◆ Your objective: Please give back only the lines below from the one containing "Bernard le Bovier" to the one containing "Hyc-P22 Hot Sale", each repeated word for word, both ends included.

(Stored dataset items)
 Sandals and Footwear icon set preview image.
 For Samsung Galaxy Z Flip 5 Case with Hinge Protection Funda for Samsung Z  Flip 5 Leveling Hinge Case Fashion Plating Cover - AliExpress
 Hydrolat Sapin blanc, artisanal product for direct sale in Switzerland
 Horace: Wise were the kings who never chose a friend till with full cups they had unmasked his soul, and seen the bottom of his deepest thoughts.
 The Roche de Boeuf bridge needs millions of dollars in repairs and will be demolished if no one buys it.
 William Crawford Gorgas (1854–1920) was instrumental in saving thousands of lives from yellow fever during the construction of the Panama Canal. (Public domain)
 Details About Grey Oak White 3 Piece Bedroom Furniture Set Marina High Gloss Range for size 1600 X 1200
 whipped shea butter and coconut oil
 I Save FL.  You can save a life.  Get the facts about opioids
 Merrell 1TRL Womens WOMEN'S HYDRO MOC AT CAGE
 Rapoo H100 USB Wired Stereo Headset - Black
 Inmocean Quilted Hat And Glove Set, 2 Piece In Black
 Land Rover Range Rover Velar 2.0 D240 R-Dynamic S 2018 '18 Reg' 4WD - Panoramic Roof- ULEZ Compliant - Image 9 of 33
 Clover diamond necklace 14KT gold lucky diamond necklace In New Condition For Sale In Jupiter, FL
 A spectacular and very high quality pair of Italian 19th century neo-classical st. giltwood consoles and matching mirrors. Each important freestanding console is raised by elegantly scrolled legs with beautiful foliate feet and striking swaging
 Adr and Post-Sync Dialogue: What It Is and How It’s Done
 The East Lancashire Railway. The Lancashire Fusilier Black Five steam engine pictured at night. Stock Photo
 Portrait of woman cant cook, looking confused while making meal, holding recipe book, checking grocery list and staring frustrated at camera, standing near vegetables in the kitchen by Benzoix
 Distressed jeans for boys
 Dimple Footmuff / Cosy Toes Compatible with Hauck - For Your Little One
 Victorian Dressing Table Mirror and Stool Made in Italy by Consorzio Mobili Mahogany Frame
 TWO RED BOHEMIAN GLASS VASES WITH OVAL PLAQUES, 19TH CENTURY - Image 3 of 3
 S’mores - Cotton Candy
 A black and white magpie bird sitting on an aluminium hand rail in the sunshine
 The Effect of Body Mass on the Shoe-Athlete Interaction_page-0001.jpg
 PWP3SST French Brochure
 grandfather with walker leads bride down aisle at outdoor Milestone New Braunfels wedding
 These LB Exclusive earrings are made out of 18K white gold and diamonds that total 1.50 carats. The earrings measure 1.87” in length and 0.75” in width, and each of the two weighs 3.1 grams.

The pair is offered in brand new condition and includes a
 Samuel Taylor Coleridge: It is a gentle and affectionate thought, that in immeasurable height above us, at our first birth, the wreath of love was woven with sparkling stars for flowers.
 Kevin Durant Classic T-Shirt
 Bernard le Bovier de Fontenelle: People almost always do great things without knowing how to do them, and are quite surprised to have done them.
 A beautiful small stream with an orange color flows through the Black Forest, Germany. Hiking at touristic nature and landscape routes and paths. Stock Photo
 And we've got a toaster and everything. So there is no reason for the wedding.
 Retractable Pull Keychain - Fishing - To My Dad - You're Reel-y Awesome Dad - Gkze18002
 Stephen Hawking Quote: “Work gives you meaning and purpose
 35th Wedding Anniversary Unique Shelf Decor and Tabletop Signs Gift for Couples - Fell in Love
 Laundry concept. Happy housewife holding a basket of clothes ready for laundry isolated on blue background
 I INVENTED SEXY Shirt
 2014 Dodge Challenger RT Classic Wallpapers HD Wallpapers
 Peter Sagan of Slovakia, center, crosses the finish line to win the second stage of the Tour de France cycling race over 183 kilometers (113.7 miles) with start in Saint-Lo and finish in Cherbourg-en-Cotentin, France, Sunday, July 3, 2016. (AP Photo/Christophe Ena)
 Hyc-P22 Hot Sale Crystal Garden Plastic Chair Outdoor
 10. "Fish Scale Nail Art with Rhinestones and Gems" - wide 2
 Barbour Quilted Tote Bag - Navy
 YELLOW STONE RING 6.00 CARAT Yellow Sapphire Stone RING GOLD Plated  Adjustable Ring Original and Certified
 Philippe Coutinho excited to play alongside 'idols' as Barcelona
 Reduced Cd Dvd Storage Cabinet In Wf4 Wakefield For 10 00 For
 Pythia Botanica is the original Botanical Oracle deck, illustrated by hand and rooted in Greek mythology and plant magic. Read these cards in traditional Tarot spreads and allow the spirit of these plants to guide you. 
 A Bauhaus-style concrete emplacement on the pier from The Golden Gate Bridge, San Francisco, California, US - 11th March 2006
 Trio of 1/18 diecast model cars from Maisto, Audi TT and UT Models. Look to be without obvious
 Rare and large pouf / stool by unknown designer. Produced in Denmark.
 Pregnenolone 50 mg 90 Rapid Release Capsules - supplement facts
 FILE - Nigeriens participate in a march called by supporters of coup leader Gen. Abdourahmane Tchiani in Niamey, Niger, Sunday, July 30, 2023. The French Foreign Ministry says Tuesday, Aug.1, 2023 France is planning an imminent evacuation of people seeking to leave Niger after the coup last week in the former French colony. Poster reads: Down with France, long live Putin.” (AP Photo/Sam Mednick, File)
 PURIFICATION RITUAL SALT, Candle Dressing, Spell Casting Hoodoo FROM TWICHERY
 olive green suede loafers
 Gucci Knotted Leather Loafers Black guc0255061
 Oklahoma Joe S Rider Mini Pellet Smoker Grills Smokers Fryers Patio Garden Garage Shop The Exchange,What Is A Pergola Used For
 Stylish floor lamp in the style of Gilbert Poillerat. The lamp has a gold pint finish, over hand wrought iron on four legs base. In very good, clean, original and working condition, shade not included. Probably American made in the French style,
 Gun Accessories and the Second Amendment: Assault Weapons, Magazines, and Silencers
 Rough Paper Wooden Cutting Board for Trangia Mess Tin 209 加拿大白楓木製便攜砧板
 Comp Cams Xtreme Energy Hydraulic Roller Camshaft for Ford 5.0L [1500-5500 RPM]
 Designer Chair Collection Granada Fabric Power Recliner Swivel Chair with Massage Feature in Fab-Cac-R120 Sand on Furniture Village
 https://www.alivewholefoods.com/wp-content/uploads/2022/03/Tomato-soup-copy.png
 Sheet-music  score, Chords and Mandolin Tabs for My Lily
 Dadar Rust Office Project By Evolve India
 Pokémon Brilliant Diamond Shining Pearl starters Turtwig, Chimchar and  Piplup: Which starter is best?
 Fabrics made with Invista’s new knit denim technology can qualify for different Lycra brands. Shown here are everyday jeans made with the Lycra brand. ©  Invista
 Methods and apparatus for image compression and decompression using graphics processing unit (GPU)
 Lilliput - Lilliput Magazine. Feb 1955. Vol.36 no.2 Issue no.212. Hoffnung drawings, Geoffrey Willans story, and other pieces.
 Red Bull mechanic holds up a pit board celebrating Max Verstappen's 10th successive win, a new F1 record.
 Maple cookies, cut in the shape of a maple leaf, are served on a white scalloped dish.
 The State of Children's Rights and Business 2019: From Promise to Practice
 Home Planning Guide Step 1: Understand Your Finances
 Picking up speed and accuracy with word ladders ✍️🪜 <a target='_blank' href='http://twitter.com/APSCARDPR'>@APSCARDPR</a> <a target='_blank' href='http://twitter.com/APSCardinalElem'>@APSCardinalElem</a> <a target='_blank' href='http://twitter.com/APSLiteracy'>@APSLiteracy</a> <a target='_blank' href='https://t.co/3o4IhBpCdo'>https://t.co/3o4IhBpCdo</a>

◆ Output for this exercise:
 Bernard le Bovier de Fontenelle: People almost always do great things without knowing how to do them, and are quite surprised to have done them.
 A beautiful small stream with an orange color flows through the Black Forest, Germany. Hiking at touristic nature and landscape routes and paths. Stock Photo
 And we've got a toaster and everything. So there is no reason for the wedding.
 Retractable Pull Keychain - Fishing - To My Dad - You're Reel-y Awesome Dad - Gkze18002
 Stephen Hawking Quote: “Work gives you meaning and purpose
 35th Wedding Anniversary Unique Shelf Decor and Tabletop Signs Gift for Couples - Fell in Love
 Laundry concept. Happy housewife holding a basket of clothes ready for laundry isolated on blue background
 I INVENTED SEXY Shirt
 2014 Dodge Challenger RT Classic Wallpapers HD Wallpapers
 Peter Sagan of Slovakia, center, crosses the finish line to win the second stage of the Tour de France cycling race over 183 kilometers (113.7 miles) with start in Saint-Lo and finish in Cherbourg-en-Cotentin, France, Sunday, July 3, 2016. (AP Photo/Christophe Ena)
 Hyc-P22 Hot Sale Crystal Garden Plastic Chair Outdoor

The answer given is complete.